Marketing Genius...
After using your product for years, I have come to realize you are missing a key element to providing me a "happy period".
Please include a Snickers Bar in every box.
I think you will find that not only will your sales increase, but your customer loyalty will triple.
Thank you.
PS: After much consideration (and wine), my friends and I would like to request the following coupons be included in our monthly kit: McDonalds French Fries, Ammunition (maybe buy one get one free?), Electrolysis (those trucker mustaches are a killer) and Prozac or any other good anti-depressant.
A "Get out of Jail Free Card" issued by local law enforcement would also be a big incentive to buy your product.
My husband is requesting a free night or two stay at a nice hotel...
Or, maybe we will all smarten up and just get a Mirena and be done.
Comments
Like I tell my husband, at that time of the month my happiness is directly related to the amount of chocolate in my bloodstream.
Melissa
Anyway...you need to switch to Playtex Sport. No, Snickers don't come with, BUT they do offer edifying quotes on each tampon wrapper. The last one I used read, "YOU ROCK, GIRL!" Who knew a verbal hug of affirmation could come from something as mundane as a tampon wrapper? That's what I wanting to blog about. Playtex Sport Tampons--cheerleaders of my day. Do you love that I have no fear about commenting on it here?
Mel, I am so glad you are enjoying the blog. Thanks for the support.
Lula! You must post about the "cheerleading tampon", as you just made me a believer.
Rachel
I vote that they include one tampon in each fun size pack of M&Ms. That ought to get me through things just fine!
She'll see your mustache and raise you three chin hairs.
Carrie- Thanks for the info regarding the pro's of keeping your uterus
Heather- Yes, if the chocolate companies would include feminine products, I'd be all set.
Debbie-Genius. We could ask them to include coupons for all sorts of things... bullets, Prozac, french fires... this could be a win/win situation for all kinds of companies.
Sunshine- You aren't kidding. I did just turn my paperwork in to have my blog "copyrighted"... although, could I really be the first to offer up the idea?
Jennifer- You are one funny chick. Trucker mustache...I laughed out loud;
Carrie- If you lived here I would be stalking you to hang out with me...I still can't get over "elf porn".
Natalie- Bitterness is evil. So is bloating and cramps.
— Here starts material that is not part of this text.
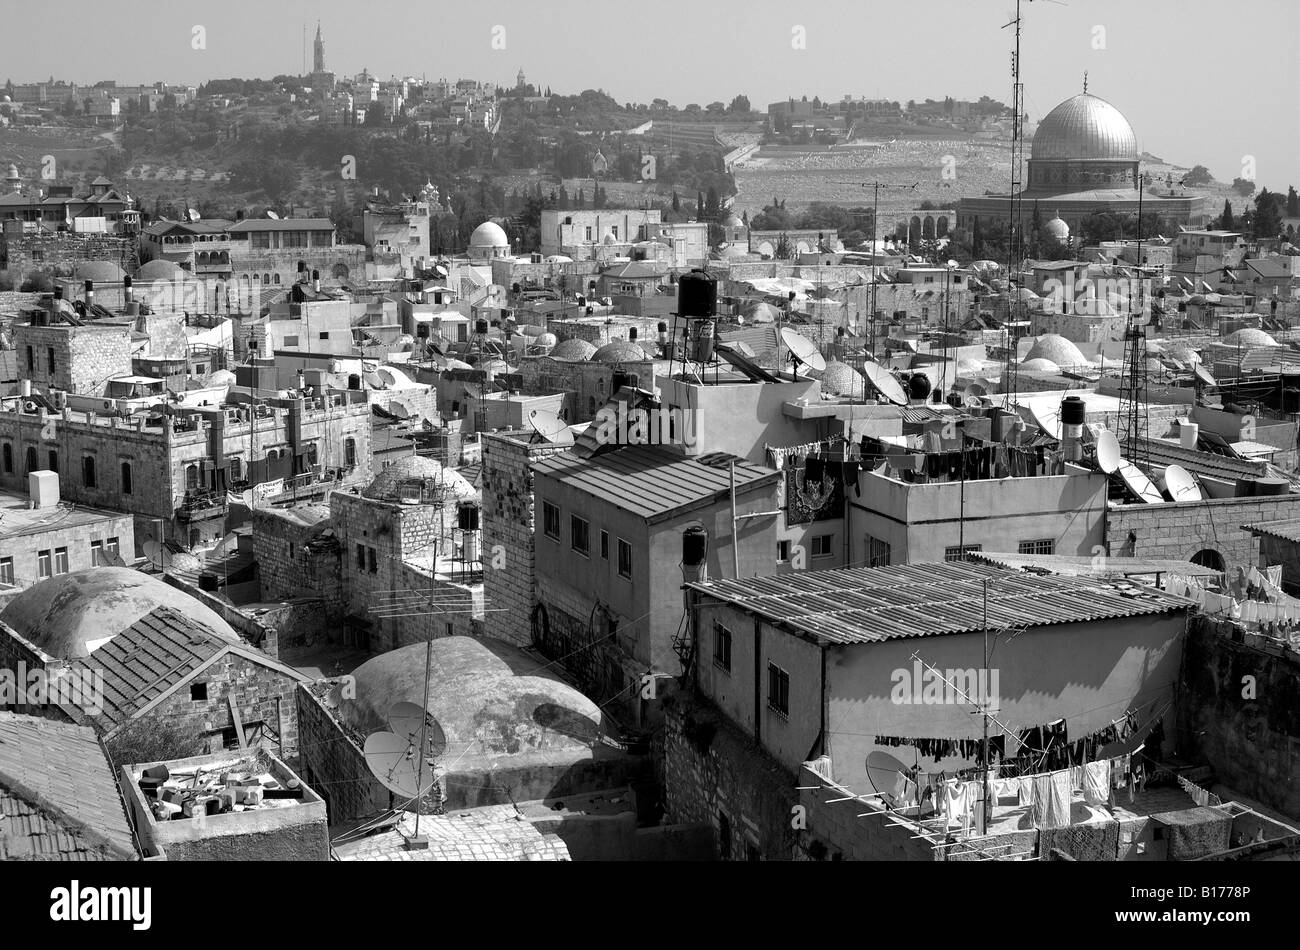 The Dome of the Rock stands above the cobbled alleyways of the Arab Quarter of the Old City of Jerusalem. Stock Photo

Blarney- Spill it Sister. I need this thing you speak of.
Scargosun- Thank you. Occasionally I see the obvious and write it down.
Heather M.
Thanks! Much appreciated.
It would be like a war zone and I predict that it would result it a lot of males dying, and sappy women crying because "it was a mistake" Can't we all just go on vacation once a month?
And I love the husbands addition with the hotel stay.
And don't get the mirena. I got it almost 3 months ago and I've been bleeding/spotting ever since. Not. Fun.
I personally would like my tampons to play "I Will Survive" every time I bust one open. I can get through anything with that song groovin' in the background.
Ah yes, my dear friend the Mirena. Spotted for a few months, then nada-enchilada. But I still need monthly chocolate. Ok, DAILY chocolate.
Malisa
Malisa
Happy SITS day!
Chocolate in every box (hell, in every WRAPPER) might make me switch back. Screw might...it WOULD.